Thinking about it more, however, that seeming contradiction is really only a half-truth. It’s true that i tend to be more open online, but those that truly know me well know that i’m still a strong believer controlling as much of my online presence and tracking as possible. I post a lot of my own content very publicly, but there are still things i blog about or posts on g+ that i filter because they’re more personal in nature or to help keep a separation between myself as a person versus myself as a teacher. I don’t allow any tagged photos or posts that involve me automatically post – they all have to be approved by me. And i’m an absolute cookie nazi – I deny a lot of web browsing cookies that i feel are nonessential functionality to what i’m trying to achieve online on the offchance that they’re grabbing statistical data about my web browsing habits that i don’t want to give them – not for any real reason, but just out of habit.
I think “control” is the operative word here. I like to think i have a decent handle on my footprint online – people that search for me or find anything about me are going to find things that i put out there myself or have come to accept.
But no matter how benign it may actually be, i don’t feel like i have control over when someone chooses to look into my living space, and for some reason that bothers me. Even if i was doing something completely innocent like watching telly or doing randomness on the computer, the idea that someone could peek into that space without my knowledge or consent is something i’m more wary of than a complete stranger or an acquaintance reading one of my blog entries – even if that blog entry is somewhat personal in nature.
Add to this the interesting psychological effects i was going through when i still had WIMSI up and running (which i’ve taken down for now for complex reasons but i plan on putting up again in a different form sometime in later 2013). Not a lot of people tuned into WIMSI and/or ever turned it on. But regardless of that, i was very aware of the fact that i was constantly streaming online and even though the video was trained on WIMSI and didn’t capture any of me, audio was always on – and that changed how i acted in my own apartment. I was more conscious of when i coughed or how much i talked to myself or when i would sing or when i would watch something on the telly whose audio could bleed over to WIMSI as a broadcast.

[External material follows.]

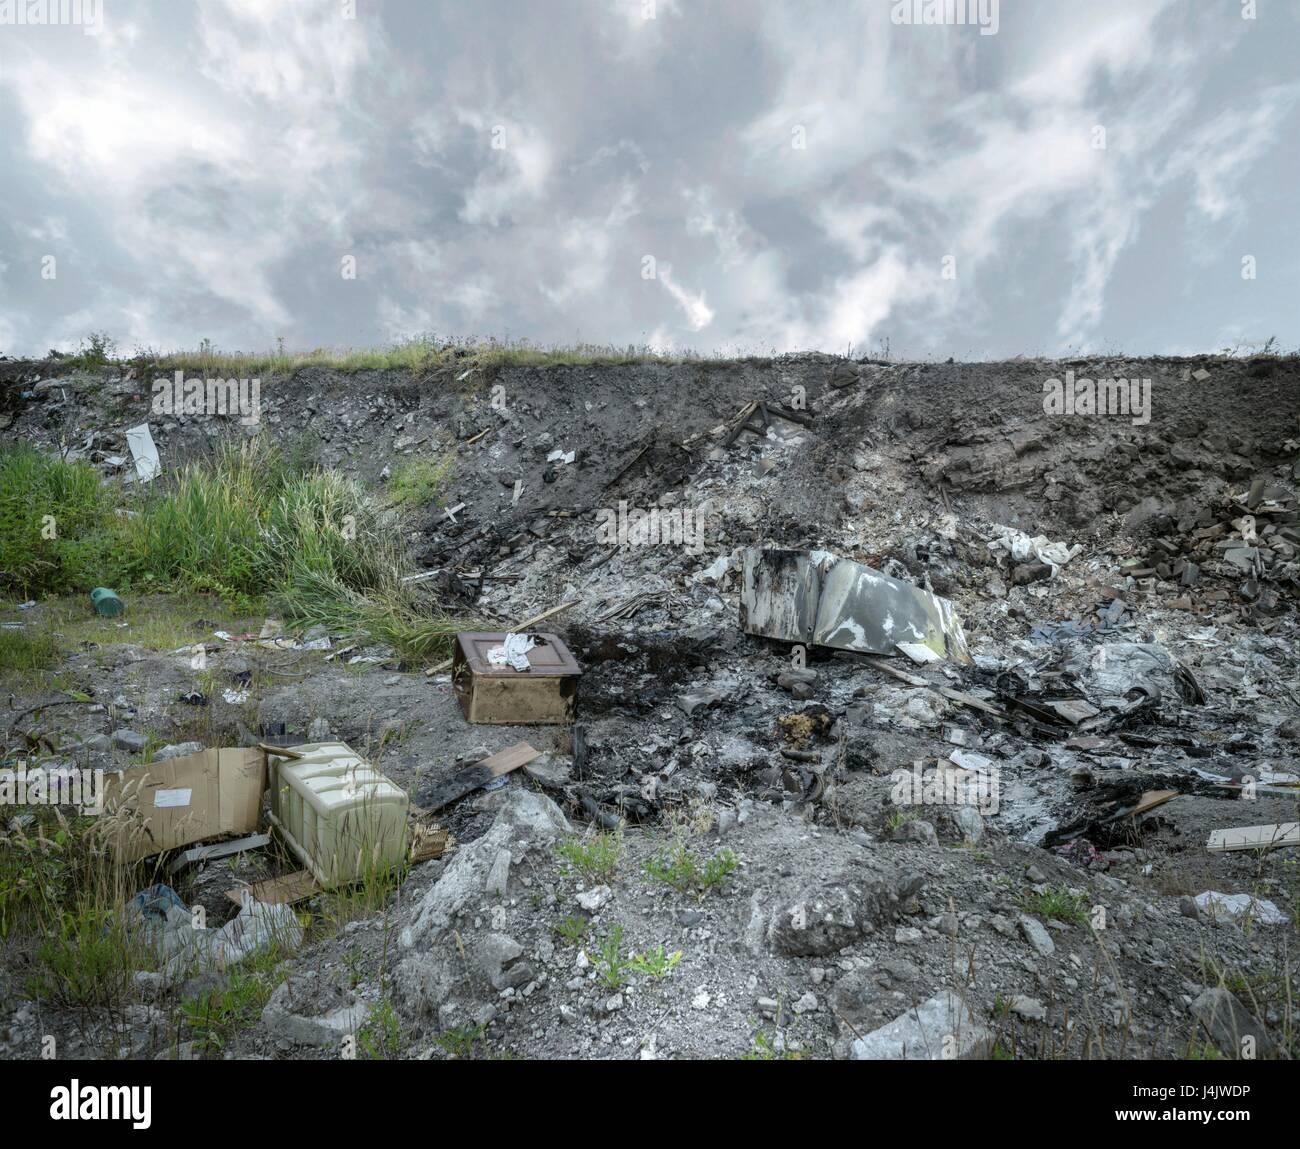 Abbandonati i terreni industriali. Immagini Stock
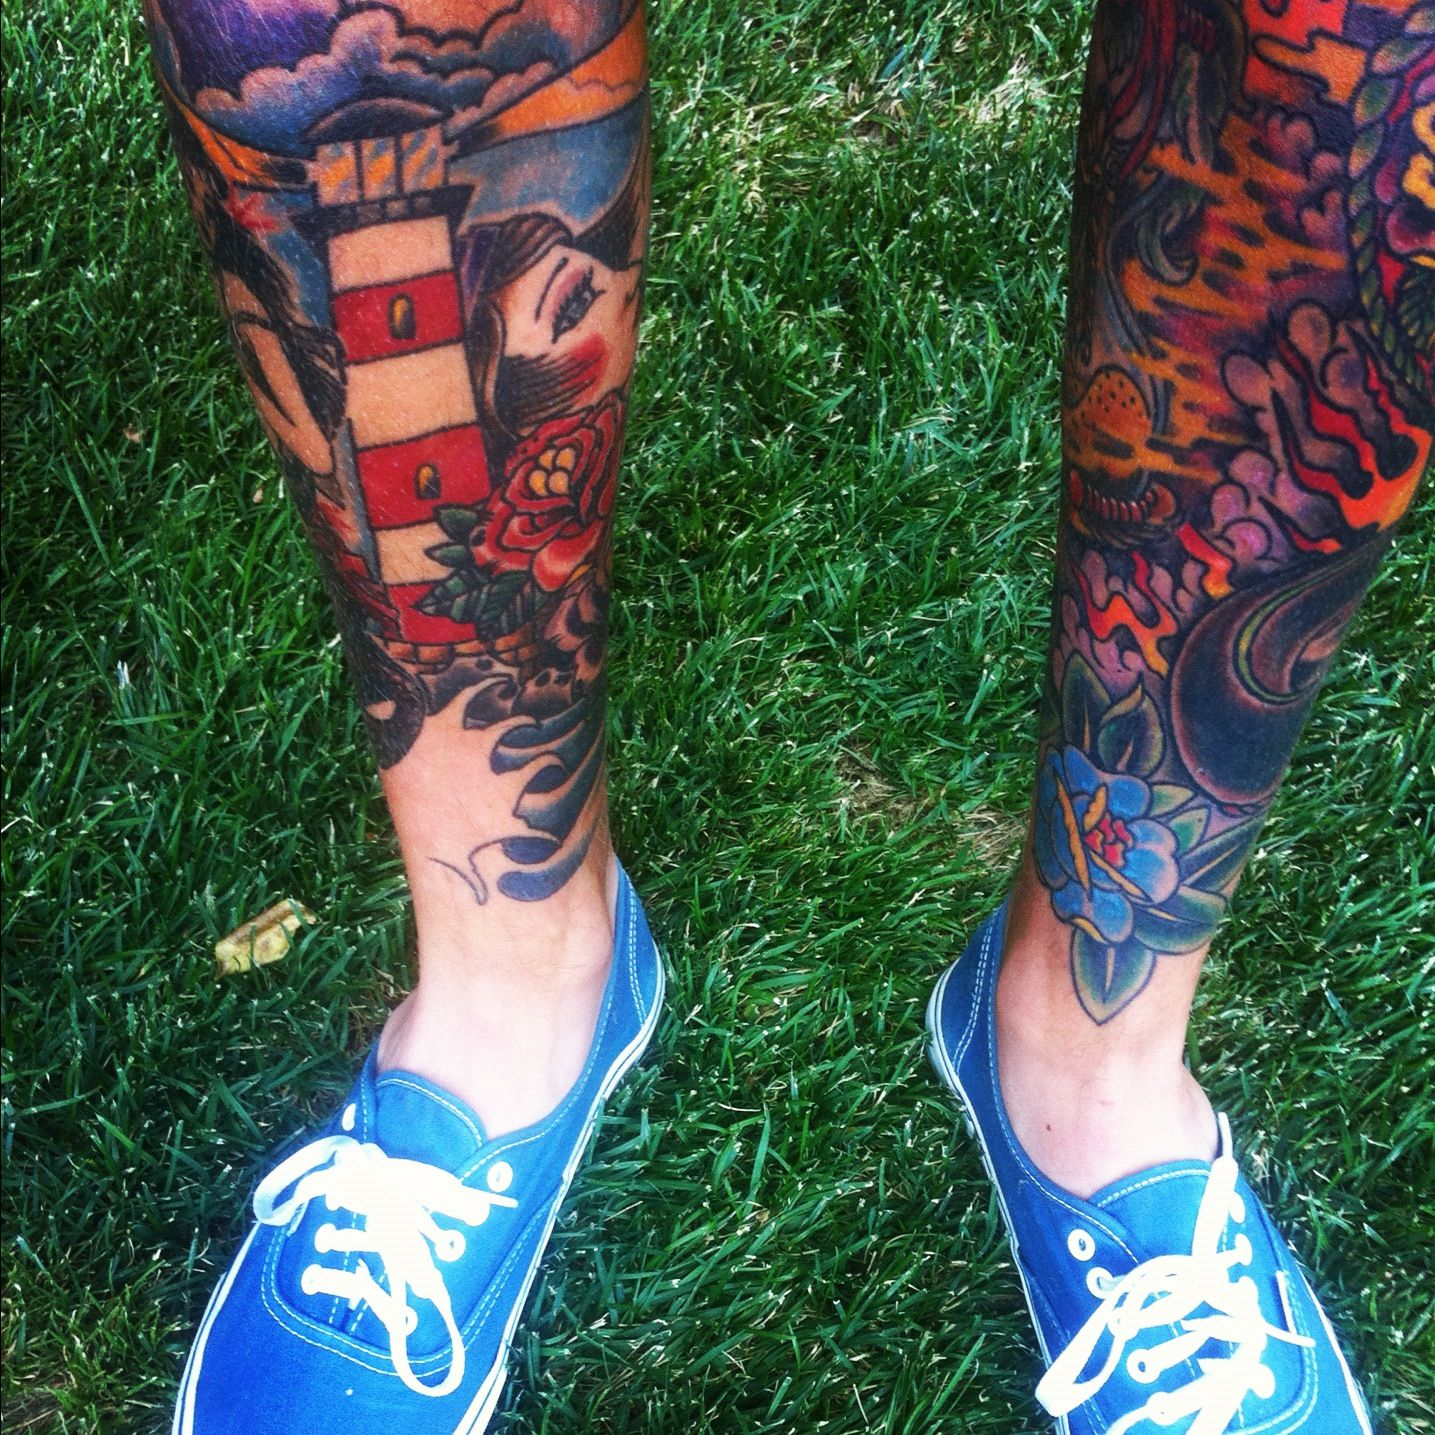 Lower leg guys traditional sleeve tattoos - Traditional Tattoos Leg Tattoos Leg Sleeve

I had to adjust my mindset to not let it bother me as much as it could have, and it was regardless still something i was usually conscious of.
I”m not exactly sure what this says about me or how much i may want to change that. Certainly if i put myself in a living situation where i have ground floor windows i want to take advantage of natural light and a sense of openness looking out, and thus maybe have to come to some sort of acceptance regarding the possibility of someone looking in. If i reinstall WIMSI in a place that coincides with my living space, I have to come to terms with that too.
The whole thing makes me want to do something extreme, such as stream my house 24/7 in a way that’s much much more visible, something that i can’t avoid. That way i either have to adjust my mindset or adjust my in-house lifestyle or both, which could then be adjusted in a more reasonable way and more easily when that level of exposure is put at a more normal state.
But it’s possible i’m overthinking about it. Well. Likely. Likely that i’m overthinking about it.